Kickl und Kurz als digitale Trickbetrüger? So zocken Deepfake-Kriminelle Österreich ab

Kickl und Kurz als digitale Trickbetrüger? So zocken Deepfake-Kriminelle Österreich ab

Was aussieht wie ein politisches Statement, entpuppt sich als perfider Betrug: Kriminelle nutzen hochmoderne Deepfake-Videos, um ahnungslose Österreicher abzuzocken. In manipulierten Clips geben sich die KI-generierten Abbilder von Herbert Kickl und Sebastian Kurz als vermeintliche Promis aus, um Geld zu ergaunern. Die Gefahr ist dabei größer als je zuvor — denn die künstlich erzeugten Videos sind kaum noch von echten Aufnahmen zu unterscheiden.

Die Masche hinter den Fake-Interviews

Wie oe24.at berichtet, setzen die Täter auf täuschend echte Deepfake-Videos, in denen die Stimmen und Gesichter bekannter Politiker verwendet werden. Meist werden gefälschte Interviews oder Statements präsentiert, die es in Wirklichkeit nie gab. So locken sie die Opfer in Investmentfallen oder fordern sie zu Überweisungen auf.

In einem besonders perfiden Fall wird sogar mit einem gefälschten Video des ehemaligen Bundeskanzlers Sebastian Kurz geworben, das den Eindruck erweckt, er persönlich empfehle ein lukratives Investment. Auch Herbert Kickl wird als Lockmittel missbraucht, um Vertrauen zu erwecken. Die Bandbreite der Tricks reicht von falschen Werbeclips bis hin zu komplett inszenierten Interviews, die man ohne Experten-Check kaum als Fälschung erkennen kann.
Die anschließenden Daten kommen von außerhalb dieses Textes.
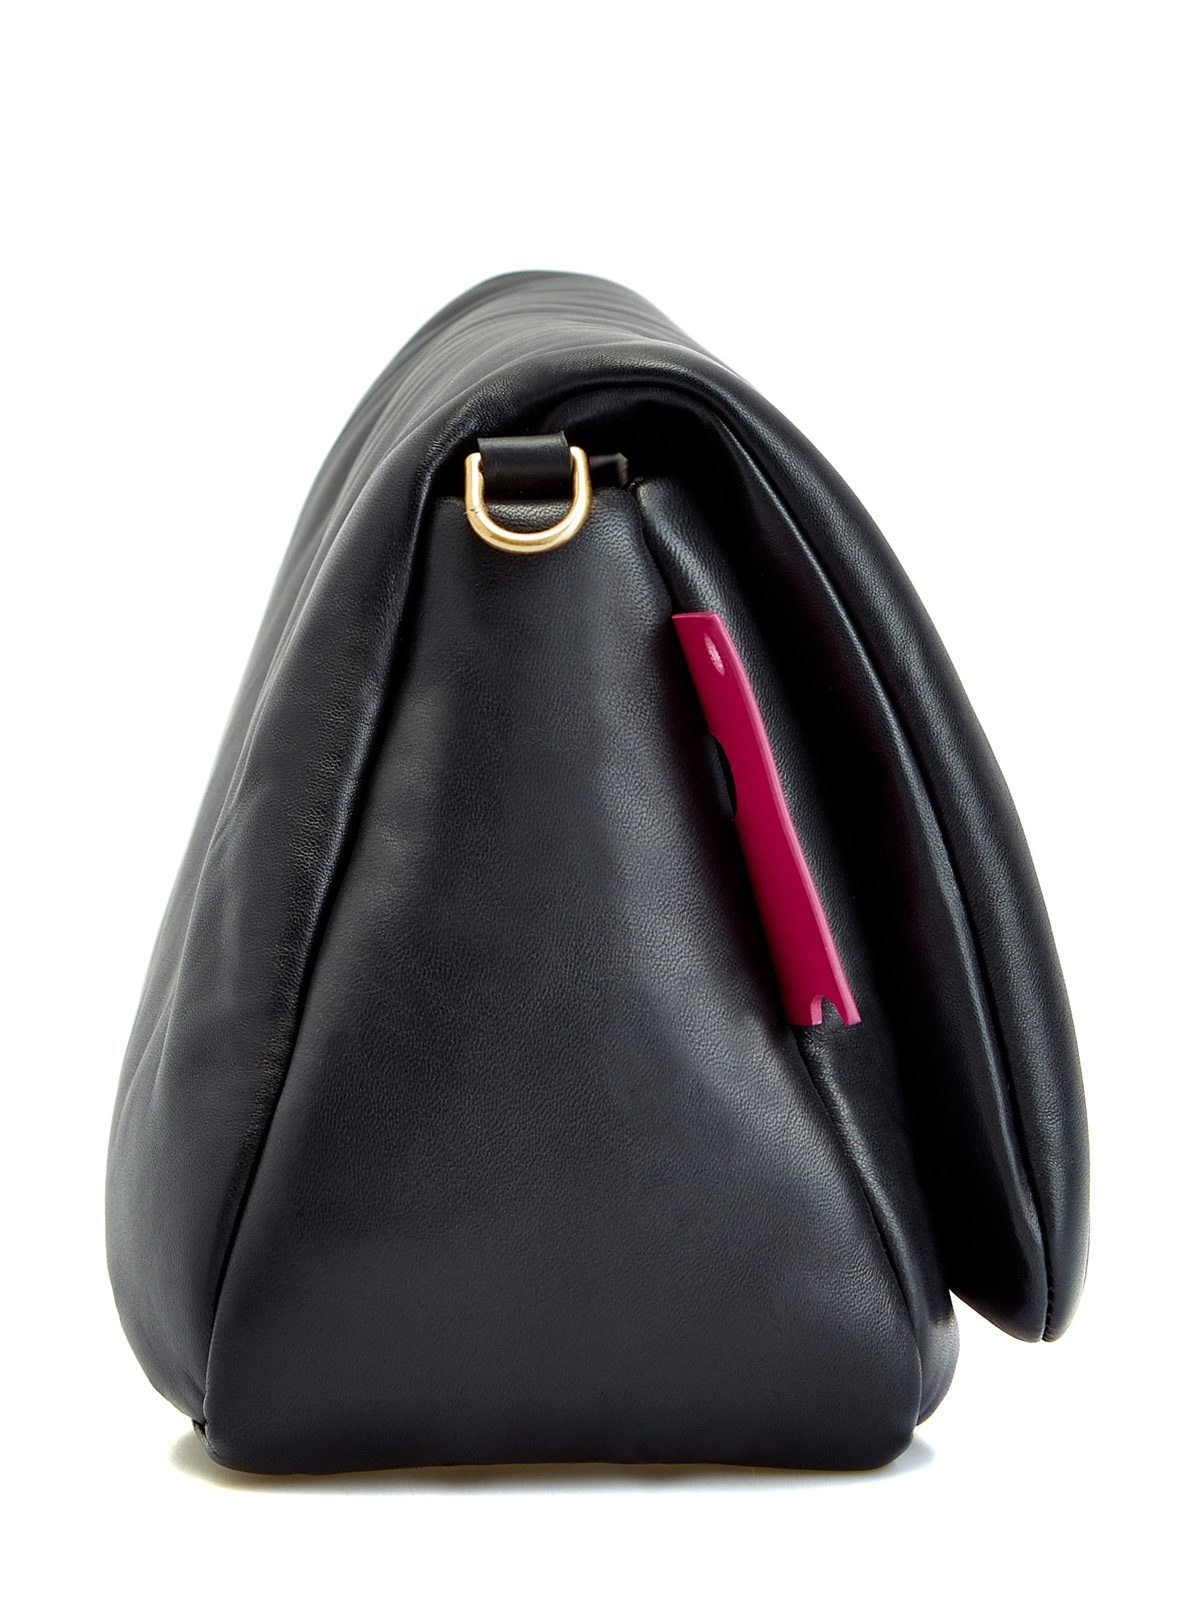 Мягкая сумка Nailed из полированной кожи с литым декором OFF-WHITE, цвет черный, размер 36;36.5;37.5;38;38.5;39;40 - фото 4

Experten warnen vor der neuen Betrugswelle

Sicherheitsexperten betonen: „Moderne Deepfake-Videos sind durch die fortgeschrittene KI kaum noch von der Realität unterscheidbar“, so die Einschätzung in oe24.at. Das macht die Betrugsmasche besonders gefährlich, weil sich Opfer auf das vermeintliche Gesicht eines bekannten Politikers verlassen und so schneller in die Falle tappen.

Auch das Bundeskriminalamt warnt vor einer Zunahme solcher Deepfake-Betrügereien. Die Täter versuchen immer raffinierter, mittels gefälschter Videokonferenzen oder Videos mit bekannten Gesichtern an persönliche Daten oder Geld zu kommen. Dabei werden Methoden genutzt, die auch in anderen Fällen von Cyberkriminalität wie Phishing oder Erpressung mit Deepfakes inzwischen bekannt sind (BMI Österreich).

Wie erkennt man Deepfake-Betrug?

Die österreichische Sicherheitsplattform Mimikama erklärt, dass man Deepfakes oft an kleinen Unstimmigkeiten in Mimik oder Tonfall erkennen kann. Auch plötzliche Aufforderungen zu Geldtransfers oder ungewöhnliche Investmentversprechen sollten skeptisch machen (Mimikama).

Wichtig ist, nicht sofort auf Videos zu reagieren, die angeblich von Kickl, Kurz oder anderen Promis stammen, sondern bei Zweifeln offizielle Kanäle zu prüfen. Polizei und Sicherheitsbehörden raten außerdem, niemals persönliche Daten oder Geld an unbekannte Kontakte zu überweisen.

Vorsicht ist geboten!

Die Digitalisierung hat nicht nur Vorteile, sondern auch eine neue Dimension der Kriminalität eröffnet. Deepfake-Videos mit prominenten Politikergesichtern dienen derzeit in Österreich als perfider Köder für Betrüger. Gerade weil die Technik so täuschend echt wirkt, ist es umso wichtiger, wachsam zu bleiben und nicht auf fiese Tricks hereinzufallen.

Wer sich schützen will, sollte sich über die Maschen informieren und im Zweifel immer eine zweite Meinung einholen. Die Polizei und Experten stehen bereit, um bei der Aufklärung und Abwehr dieser neuen Betrugswelle zu helfen.